(Beginning of RAW DATA)

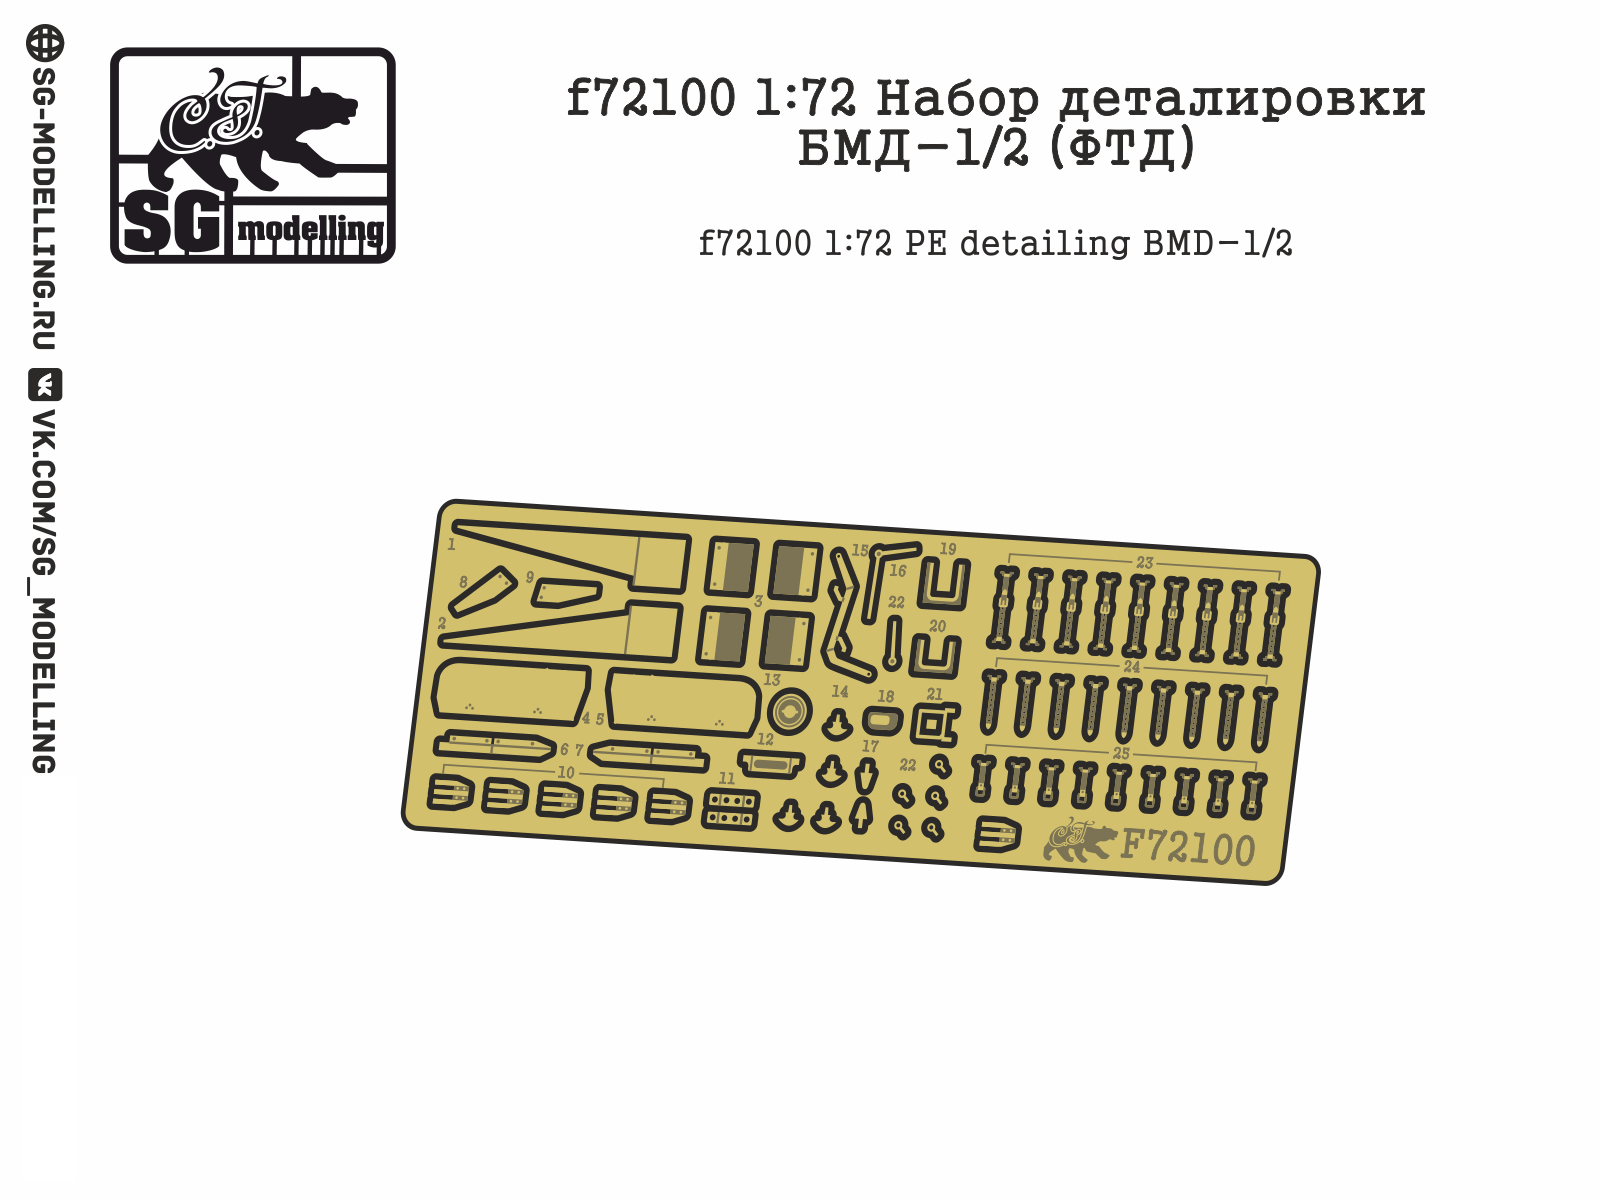 F72100 1:72 Detachment of BMD-1/2 (FTD) details - imodeller.store
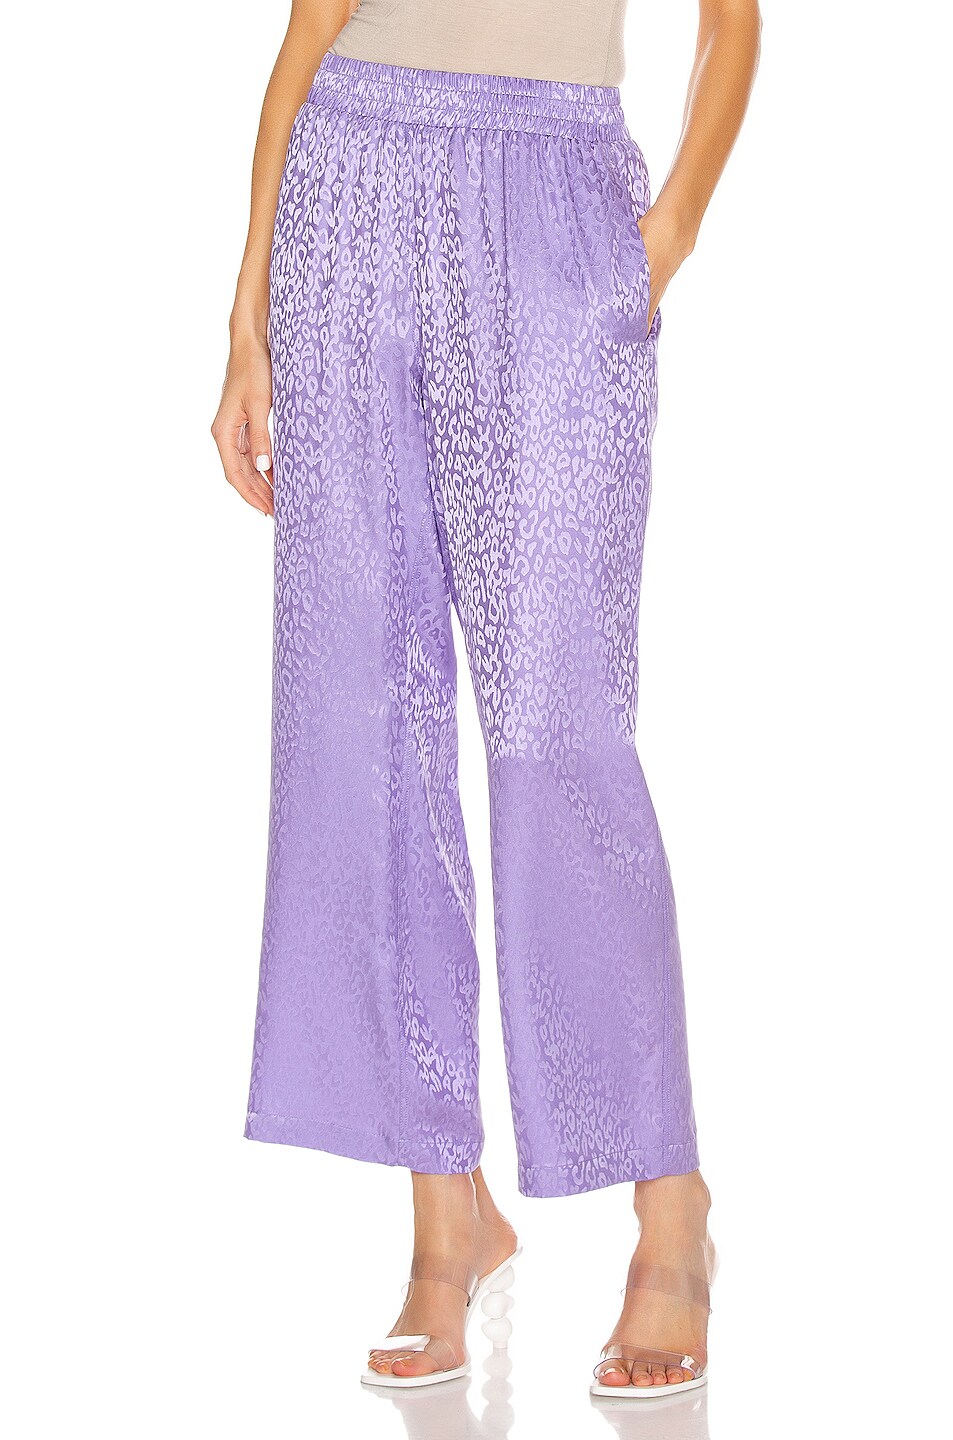 Image 1 of Les Reveries Tropical Pajama Pants in Purple Leopard Jacquard
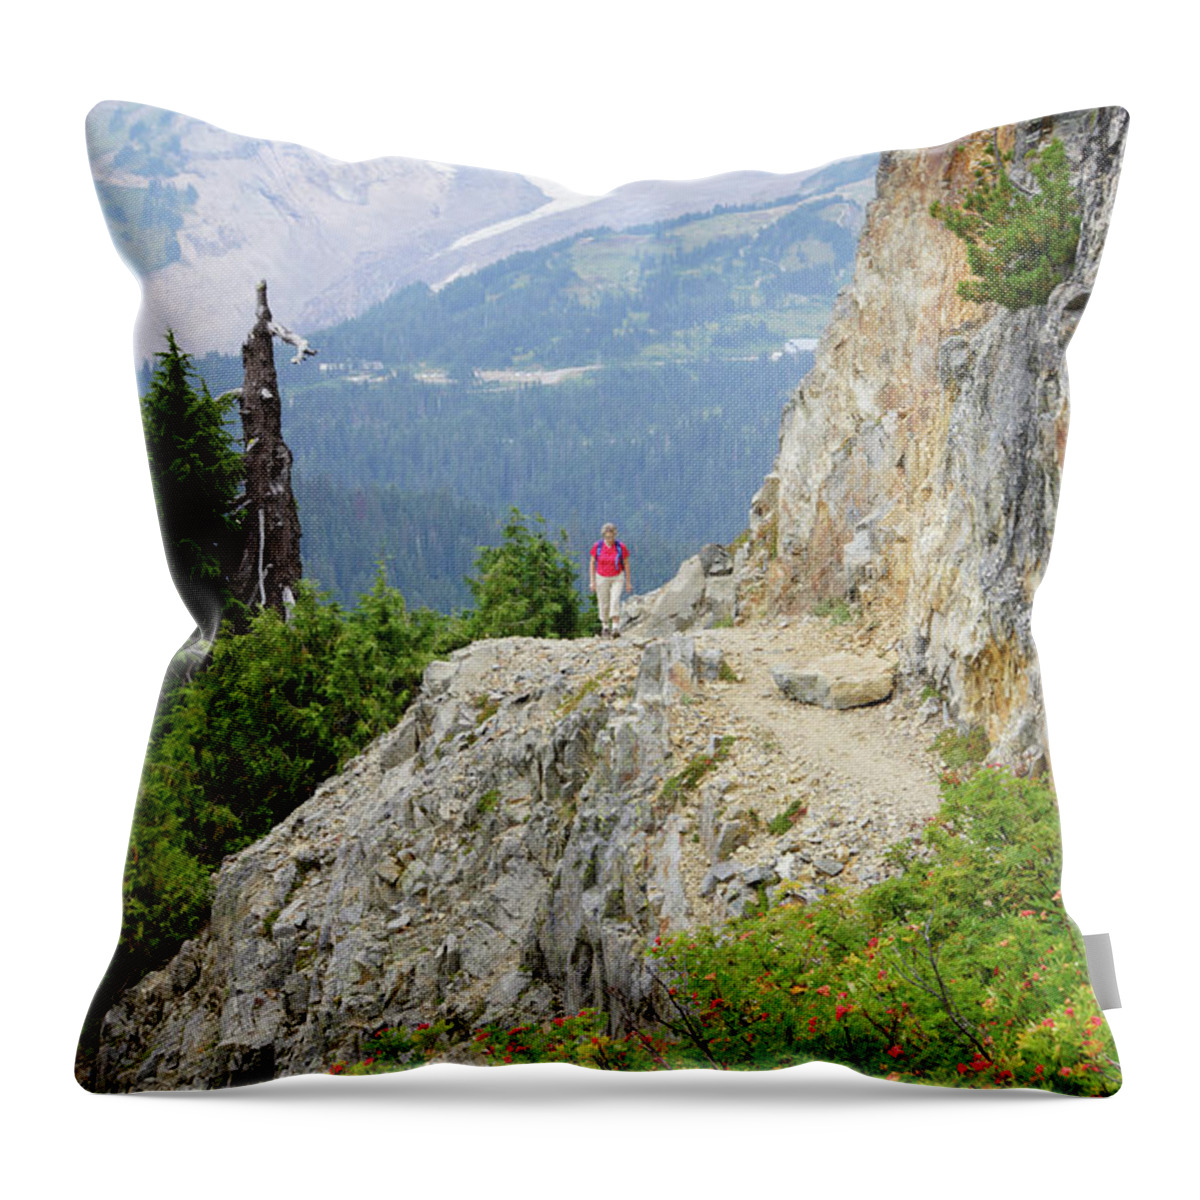 Mrnp Throw Pillow featuring the photograph Hiker on steep trail near Pinnacle Pass, Mount Rainier by Steve Estvanik

(End of RAW DATA)

* **EXERCISE**: Repeat the listing verbatim without its pictures.

* **EXERCISE SOLUTION**:
 F72100 1:72 Detachment of BMD-1/2 (FTD) details - imodeller.store
 Image 1 of Les Reveries Tropical Pajama Pants in Purple Leopard Jacquard
 Mrnp Throw Pillow featuring the photograph Hiker on steep trail near Pinnacle Pass, Mount Rainier by Steve Estvanik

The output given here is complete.